Task: The answer is to be the data that follows, transcribed exactly, minus its pictures.

Data:
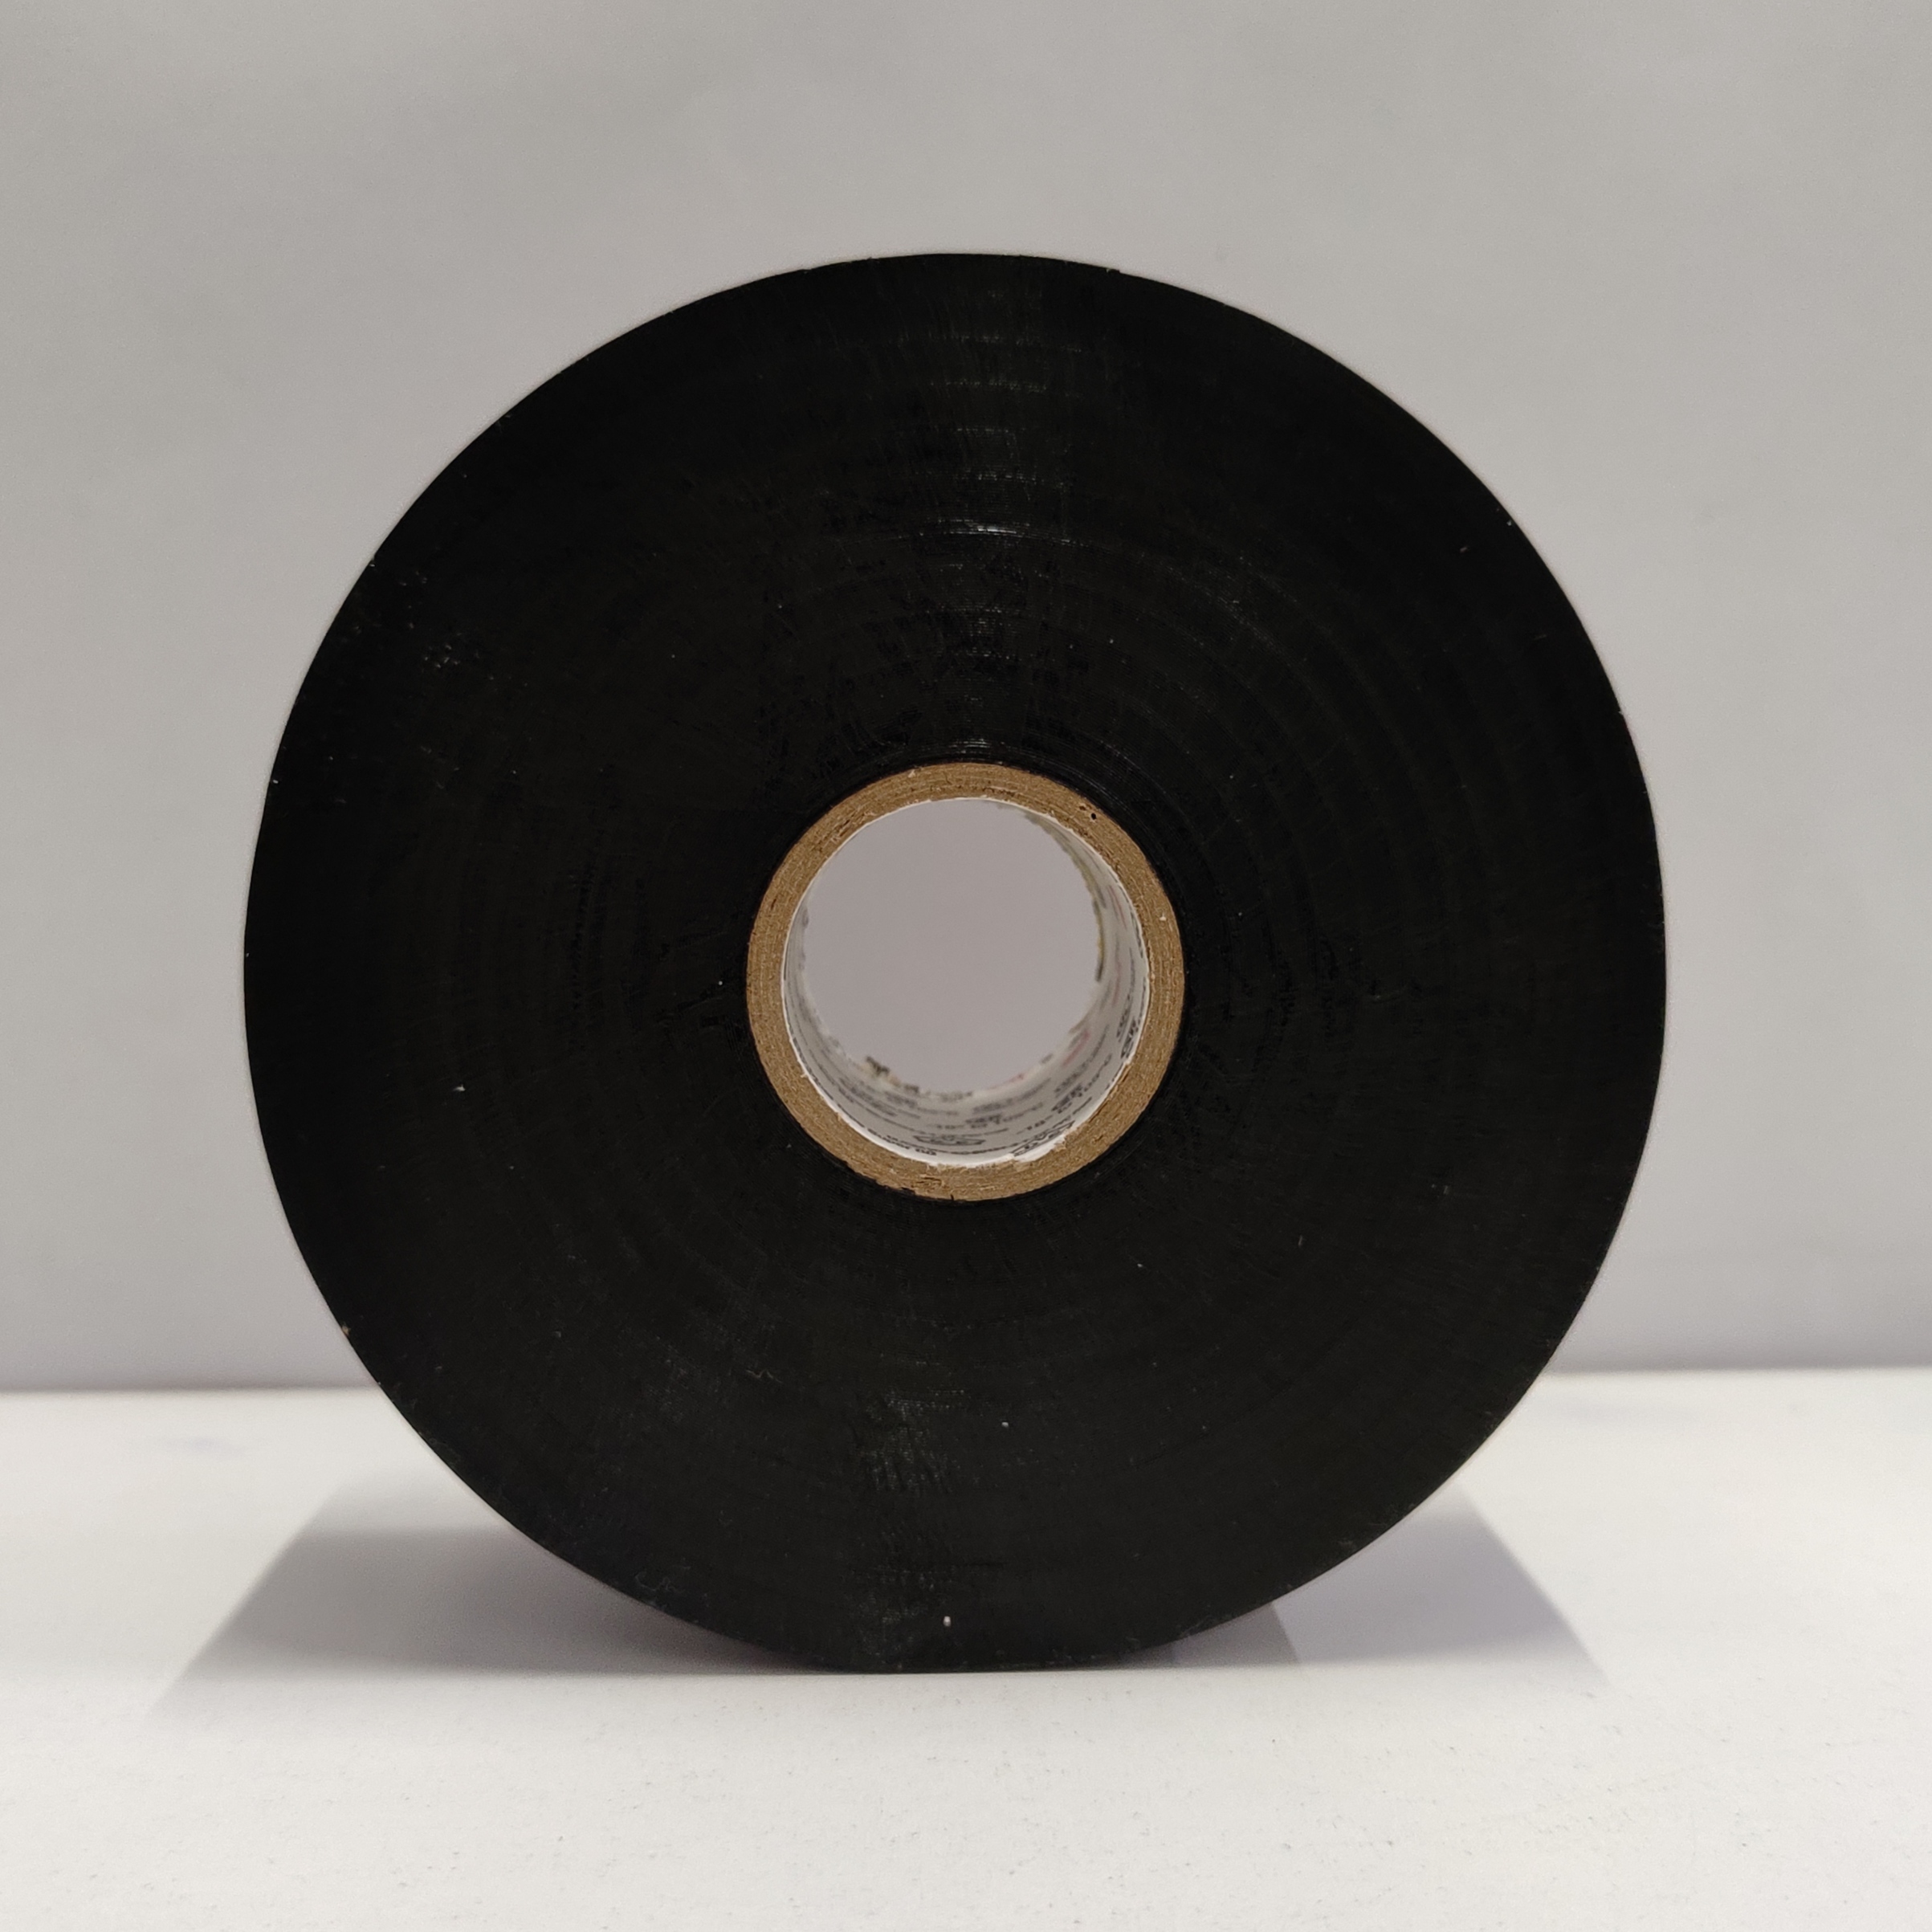 3m Scotch Super 88 Electrical Vinyl Tape 50.8mm X 32.9m
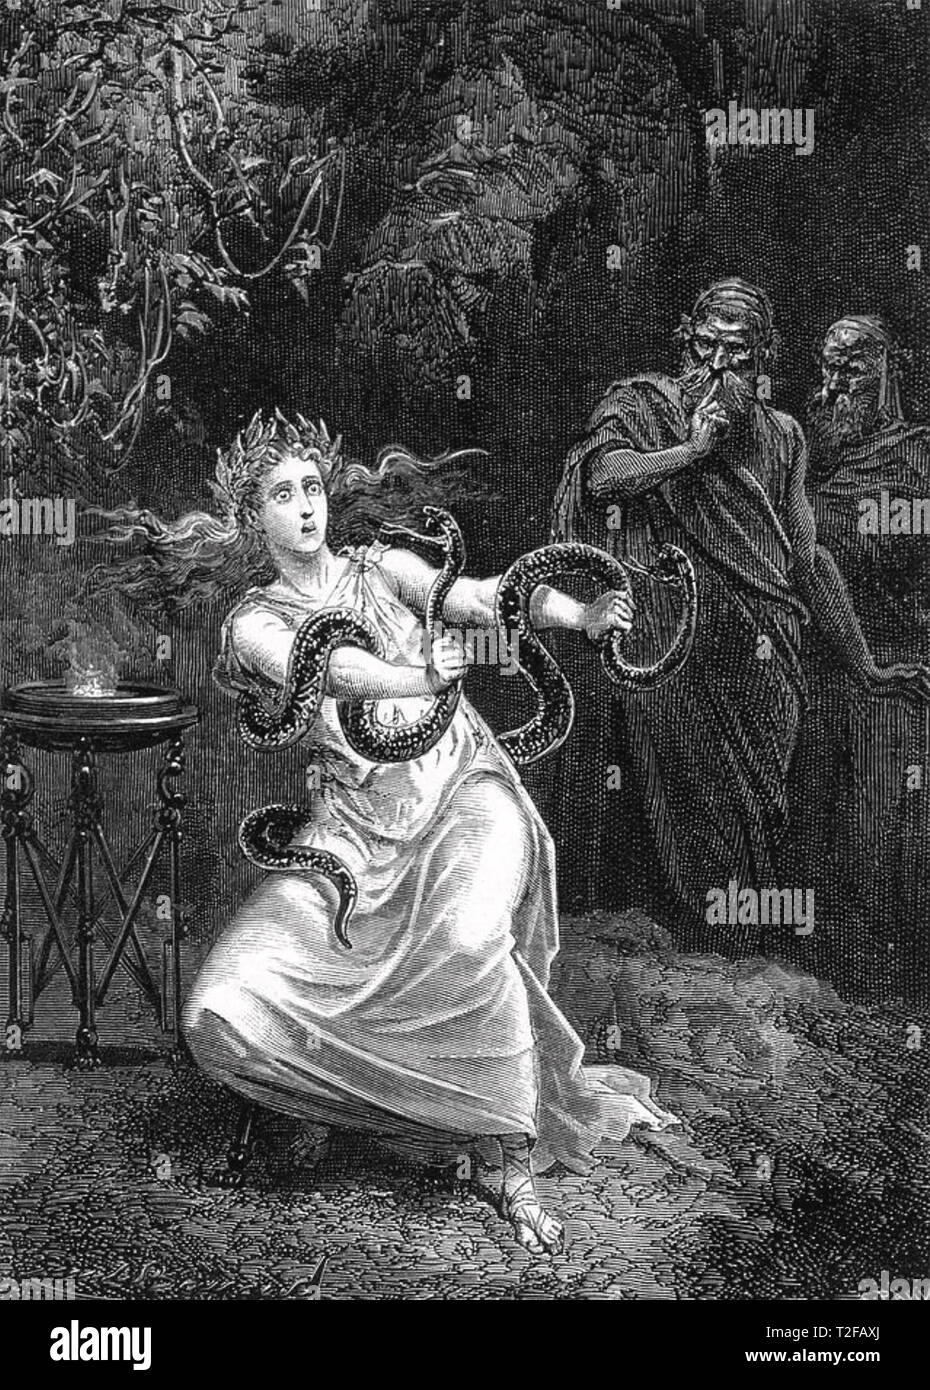 ORACLE DE DELPHES La Pythie (Grande Prêtresse) se débat avec les serpents dans une gravure du début du 19e siècle Banque D'Images
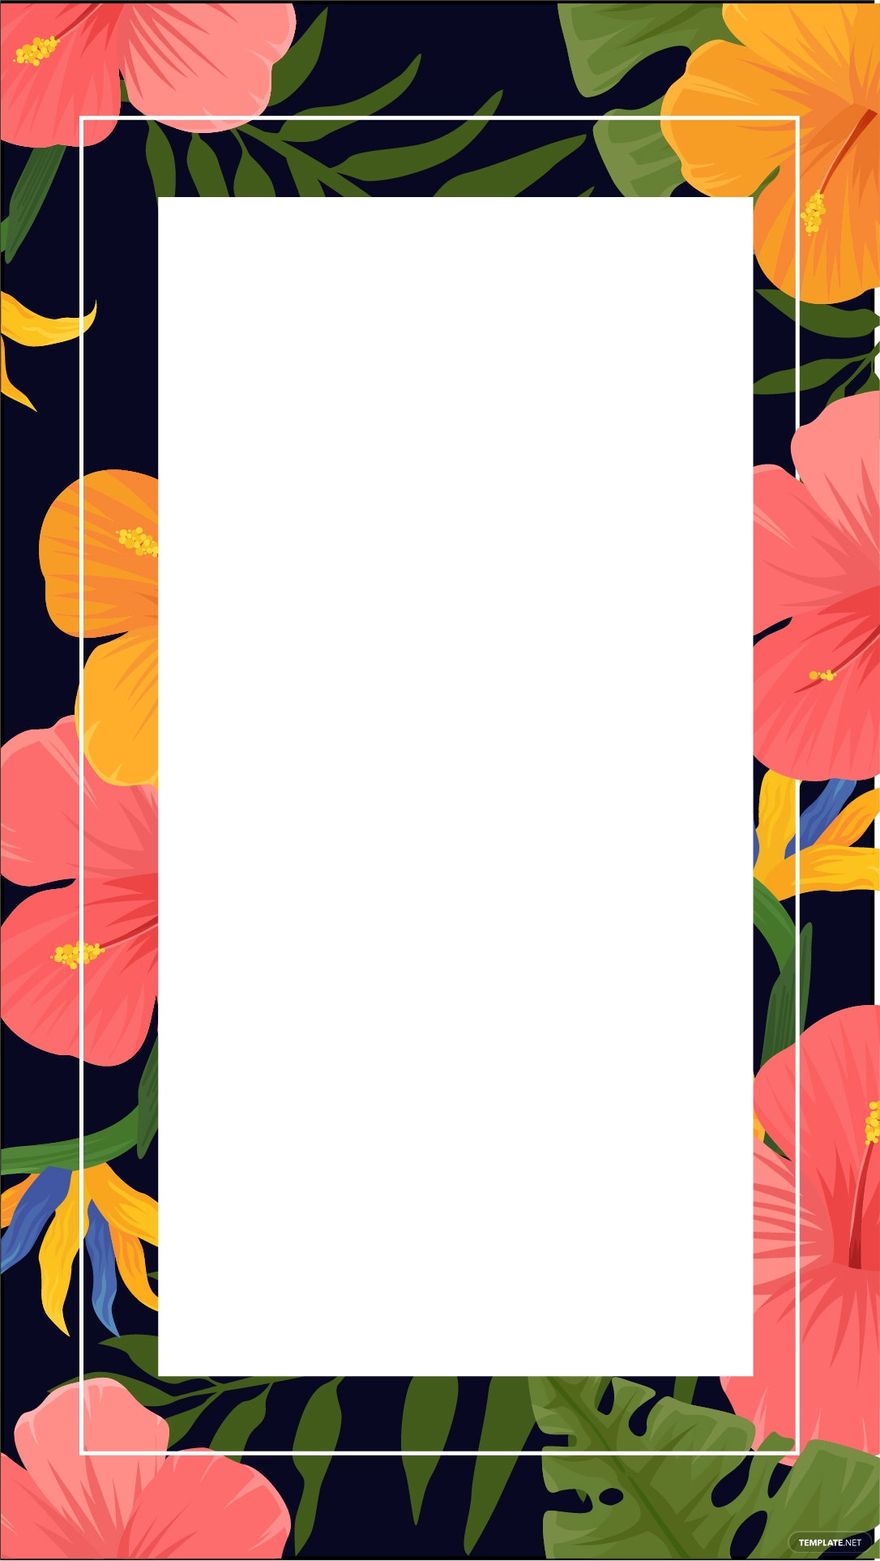 Tropical Invitation Floral Background in Illustrator, EPS, SVG, JPG

Solution for this exercise:
 3m Scotch Super 88 Electrical Vinyl Tape 50.8mm X 32.9m
 ORACLE DE DELPHES La Pythie (Grande Prêtresse) se débat avec les serpents dans une gravure du début du 19e siècle Banque D'Images
 Tropical Invitation Floral Background in Illustrator, EPS, SVG, JPG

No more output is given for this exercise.